• **What you should do**
Return the whole listing unchanged. Drop the images.

• **Data supplied**
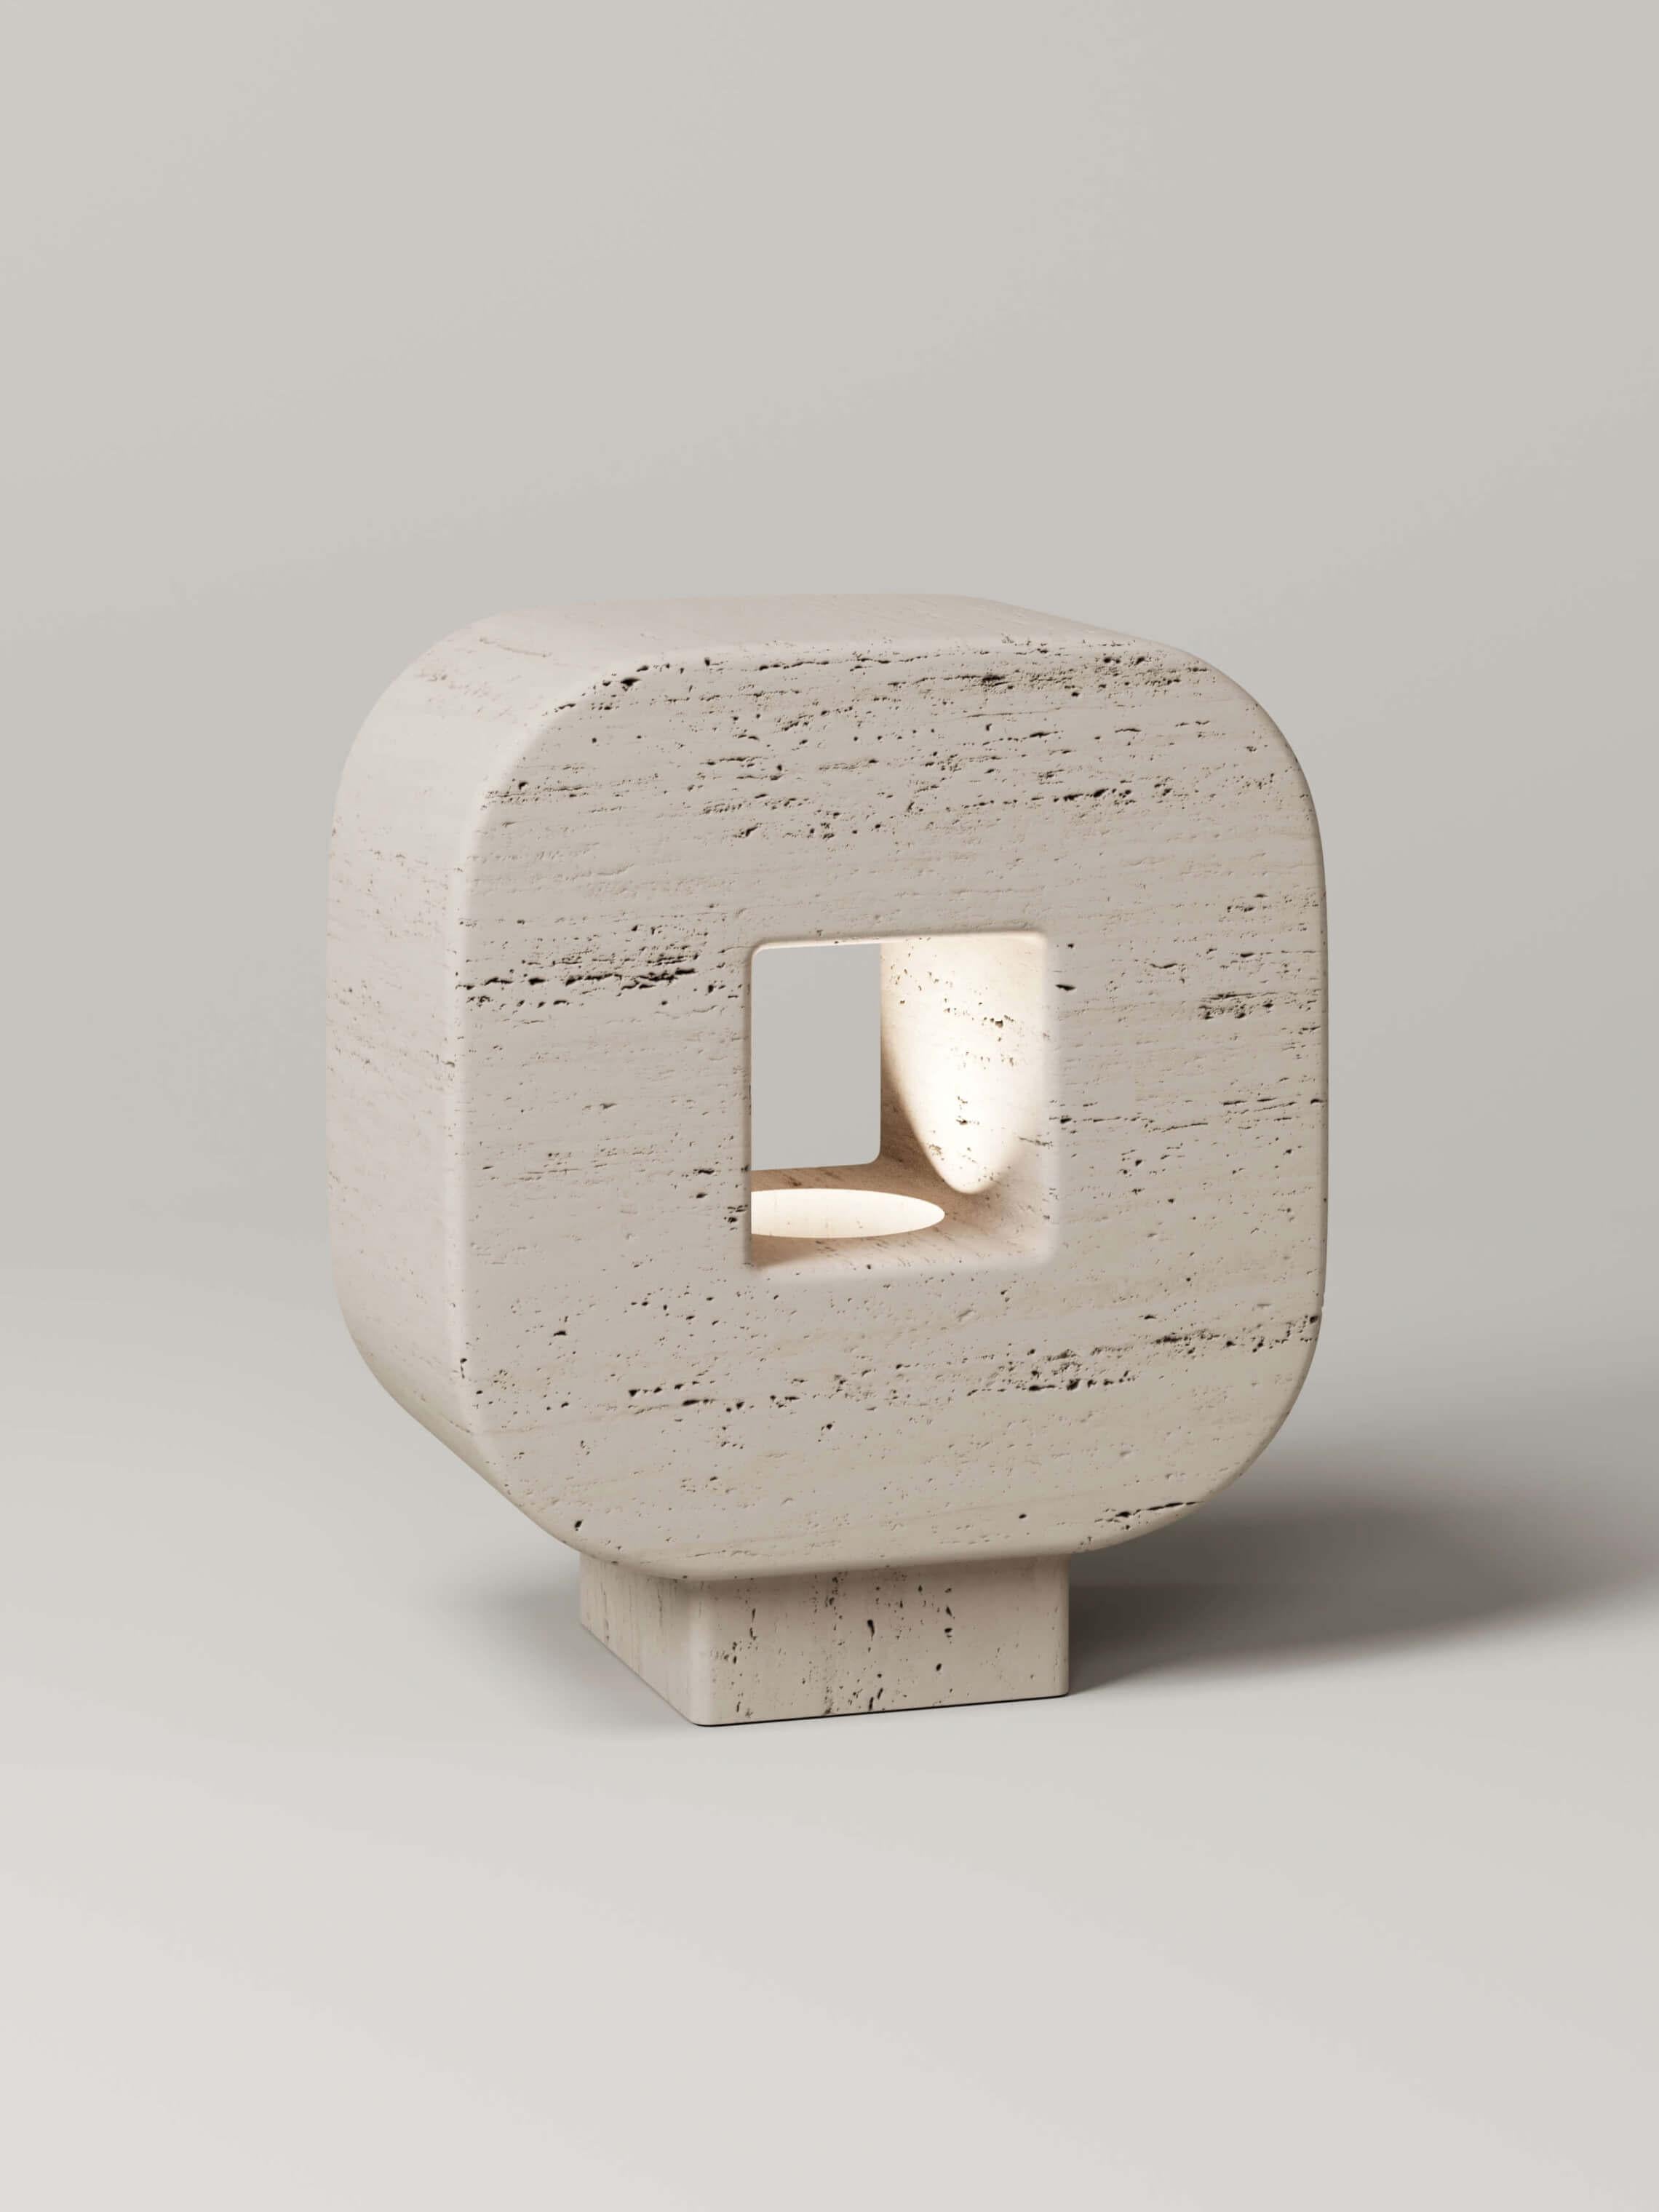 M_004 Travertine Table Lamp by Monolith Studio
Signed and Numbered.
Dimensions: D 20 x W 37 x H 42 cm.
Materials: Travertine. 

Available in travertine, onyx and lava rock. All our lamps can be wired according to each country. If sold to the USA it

• **Answer to this problem**
 M_004 Travertine Table Lamp by Monolith Studio
Signed and Numbered.
Dimensions: D 20 x W 37 x H 42 cm.
Materials: Travertine. 

Available in travertine, onyx and lava rock. All our lamps can be wired according to each country. If sold to the USA it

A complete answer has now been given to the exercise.